Tanzania: Groups Want Govt to Roll Back Laws Stifling Dissent

Journalists and media activists demonstrate during International Press Freedom Day (file photo).

Two rights groups are calling on Tanzania's government to ease restrictions on dissent and freedom of expression imposed since President John Magufuli came to power in 2015.

Amnesty International and Human Rights Watch issued reports on Tanzania at a joint news conference Monday in Kenya's capital, Nairobi.

“Magufuli’s administration has passed many laws that restrict the work of journalists and intend to repress activities of civil society organizations," said Roland Ebole, lead researcher for the Amnesty International report.  He said the president needs to "carefully reflect on his government's record of ruthlessly disemboweling the country's human rights framework."

Human Rights Watch Africa researcher Oryem Nyeko said upcoming local and general elections will not be fair unless the government takes a different approach to perceived opponents.

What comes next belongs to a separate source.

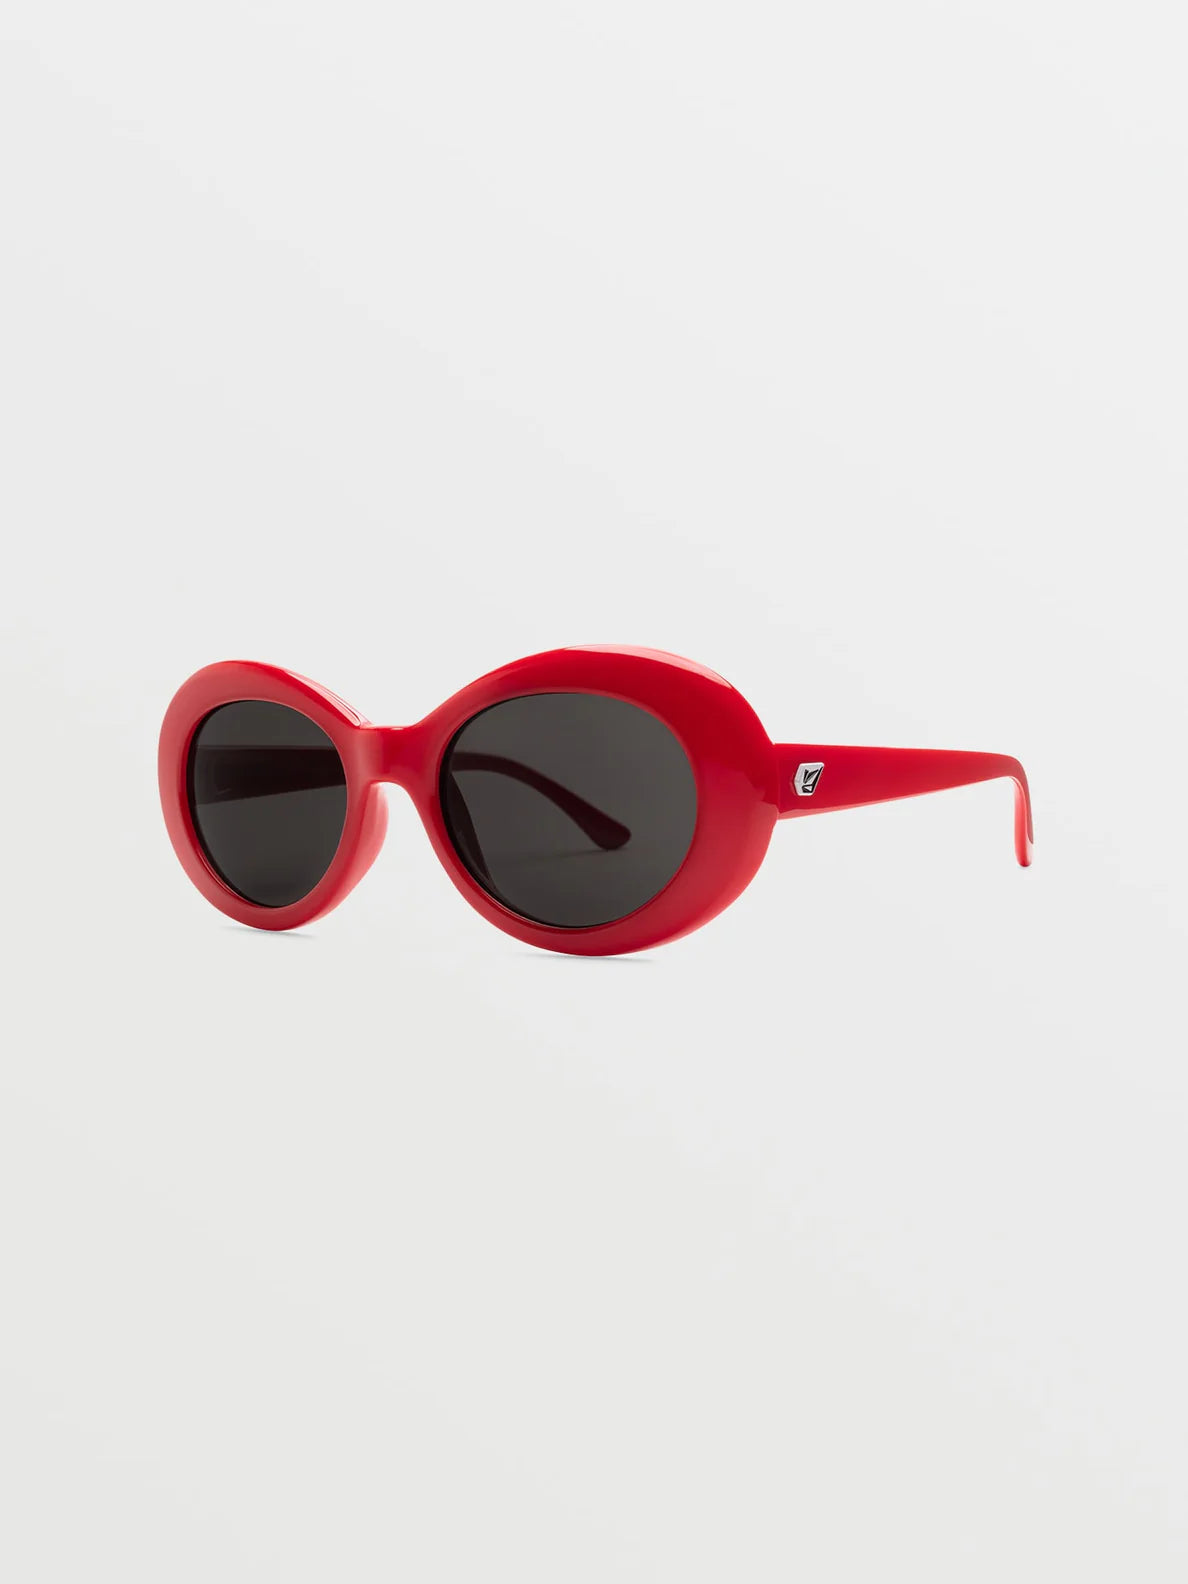 Volcom Stoned Gloss Red/Gray | Gafas de sol | Volcom Shop | surfdevils.com

“The finding we have that the media and civil society are effectively silenced does not create a good environment for free and fair elections," he said.  "So, we are encouraging and urging the government to ease these restrictions on civil society and the media to amend the restrictive laws."

VOA contacted Tanzanian officials to comment on the reports, but received no response.

The Amnesty International and Human Rights Watch reports are based on interviews with dozens of journalists, politicians, activists and other observers in Tanzania.

Magufuli came to power in November 2015 promising to fight corruption.  Previously, he was known for shutting down companies and firing government workers without due process.

Once in office, he shut down anyone who challenged his authority. In 2016, legislators approved a Magufuli-backed law that gave security agencies the power to search media organizations, seize their equipment and close them without a court order.  Since then, the government has used the law to shut down five news outlets.